I just got some good ideas on using softbox lighting with a Sigma 180 which I'm going to use.  I wanted to also look at this from a different angle and get your input.

I'm new to macro photography, but somehow I had gotten the idea that the MT-24EX could only be used with Canon lenses (I have Sigma 180).  Then I saw this link (see bottom right photo):

Really Right Stuff ... Multiple Flash Options

Looks like this could be adapted to any camera or lense.  Obviously, quite a bit more expensive than a softbox.  But could someone help me compare the two approaches?  Thanks.

Bob


----------



## Overread (Aug 5, 2010)

I'm sure that there is a way to fix the twinflash to none-canon lenses since I know several people using this setup and I believe they use stepping rings (like the ones used to fit larger/smaller filters).
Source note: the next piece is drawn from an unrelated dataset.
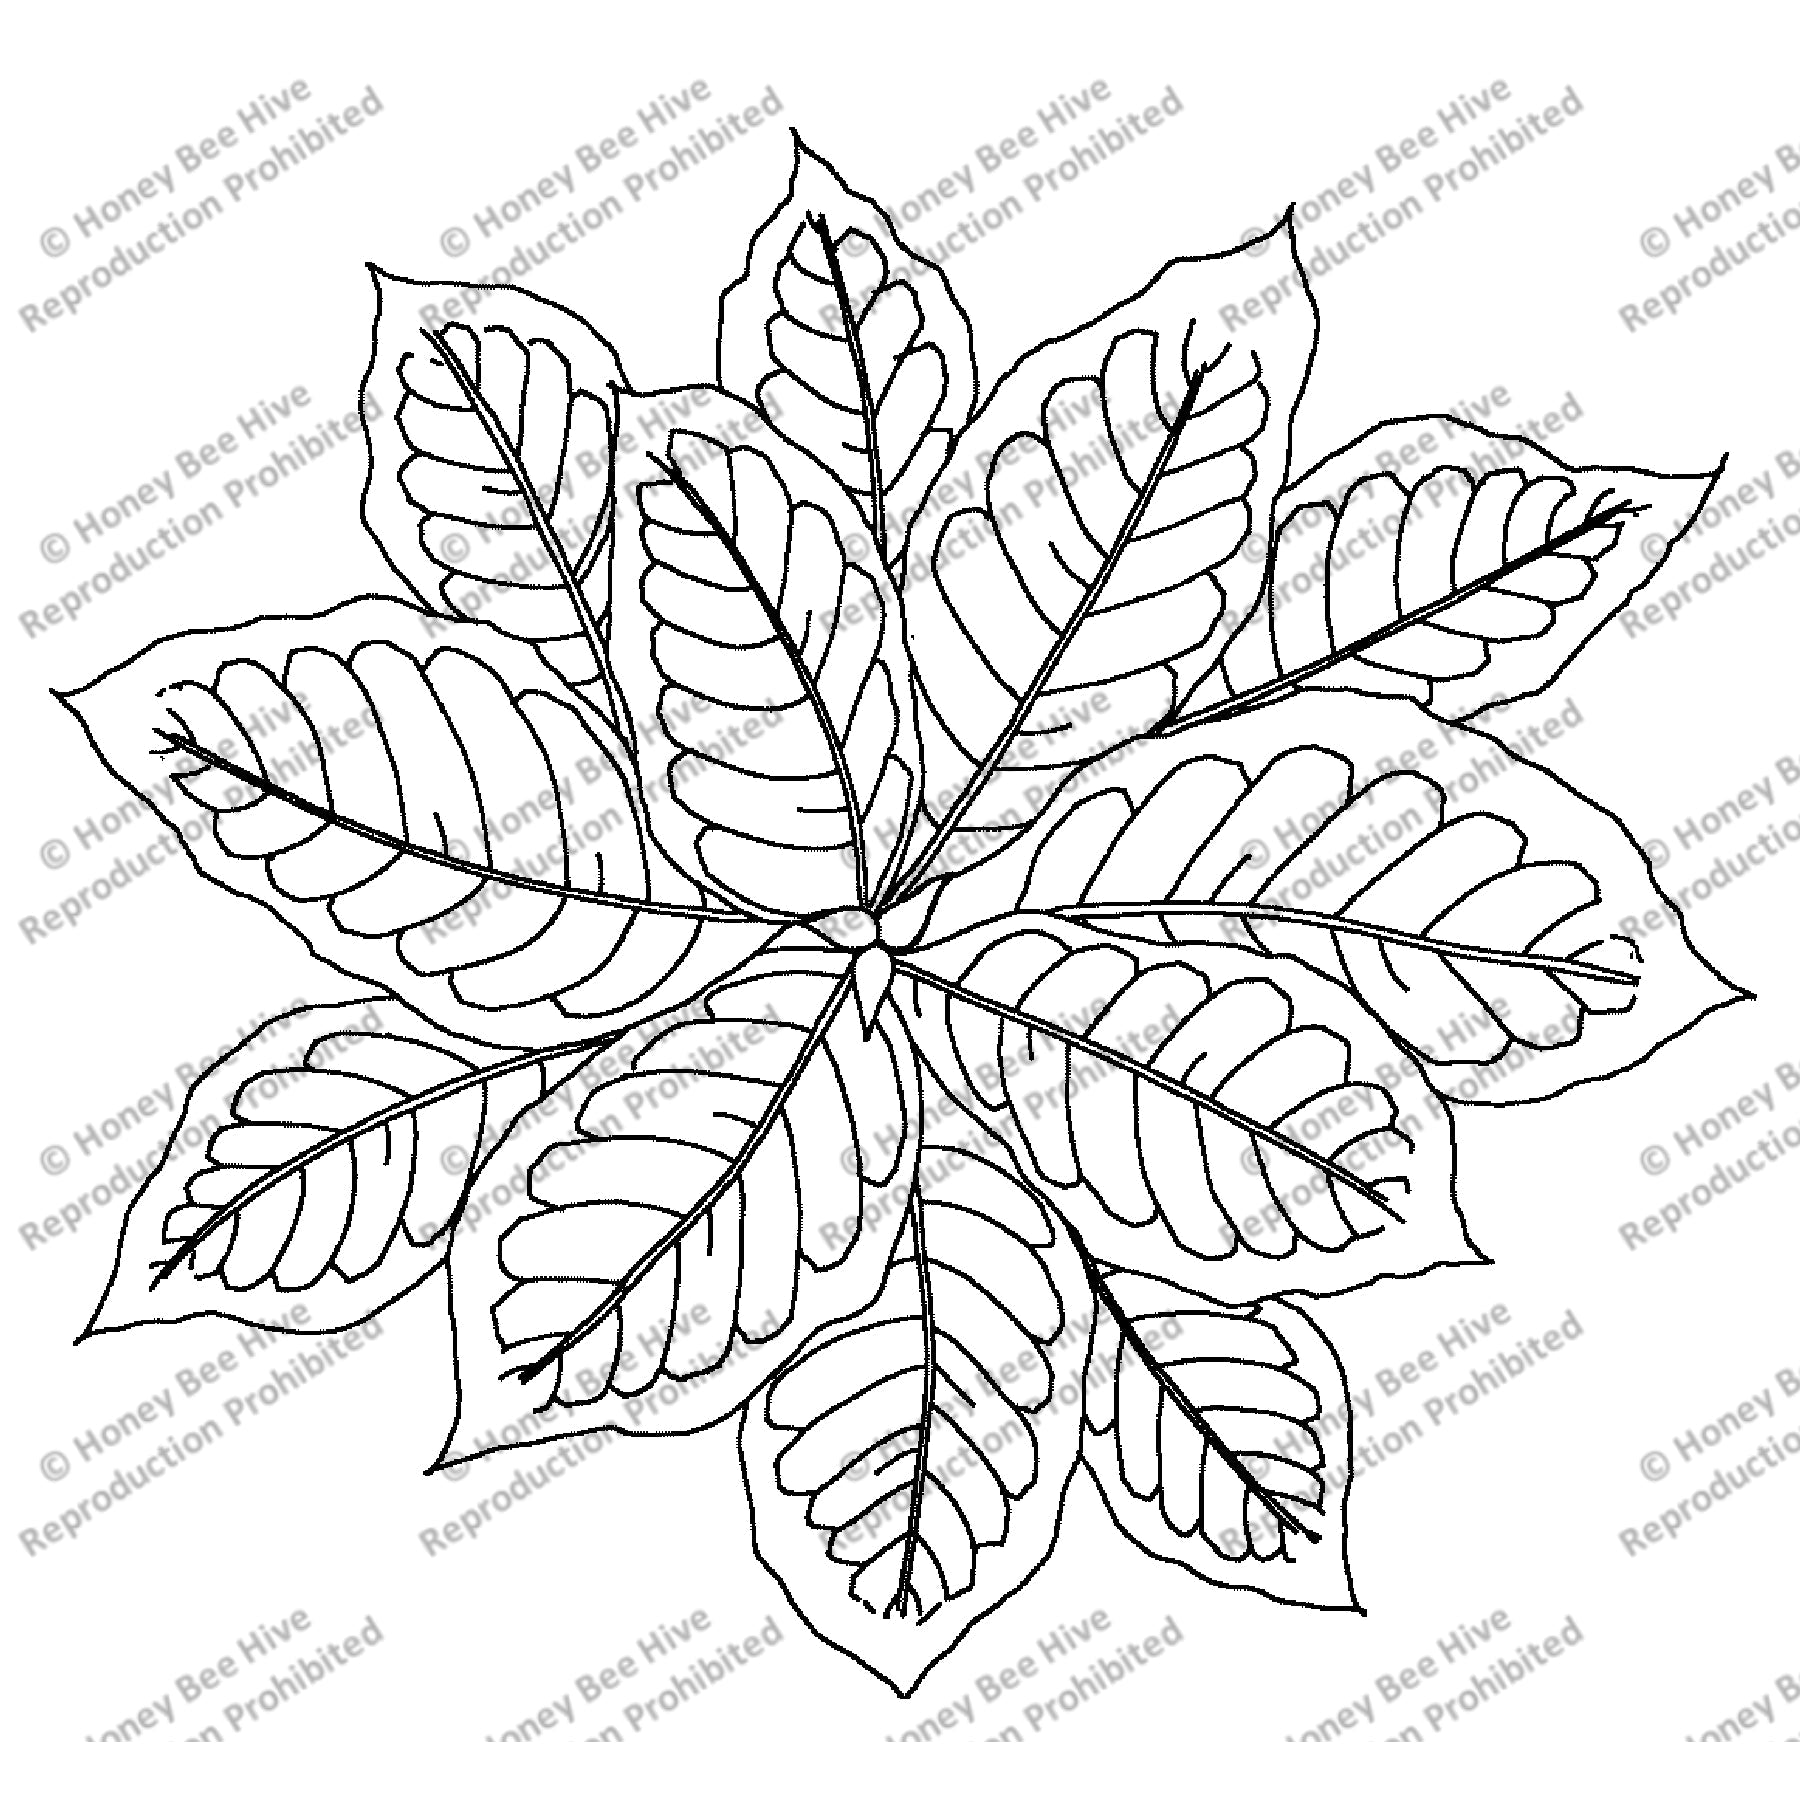 Cicle Of Croton Leaves, rug hooking pattern

However I've not got the twinflash unit (sadly) so I've not had a chance to experiment nor looked into it in detail.

As for lighting for the 180mm you can certainly use the twinflash or one of the adaptors on the site you link to (eg the rotational mount and the extenders) and it does look interesting. 
However if you currently have a regular speedlite flash you can use one of those along with a softbox (eg a lumiquest softbox)and even mounted in the hotshoe of the camera body you will get some decent lighting for macro (because of the lenses longer working distance). A more ideal setup is to use a flash bracket to allow the flash to be positioned above the end of the lens and angled toward the subject to provide a nice overlight effect. 

The twinflash is a neat unit, but it is very expensive and mostly limited to macro work so if you don't already have a regular flash like a 580 or a 430 then I would recomend one of those units (either will have enough power and whilst the 580 has the better overall features it is heavier which is a consideration when positioning it over the lens end of the setup).


----------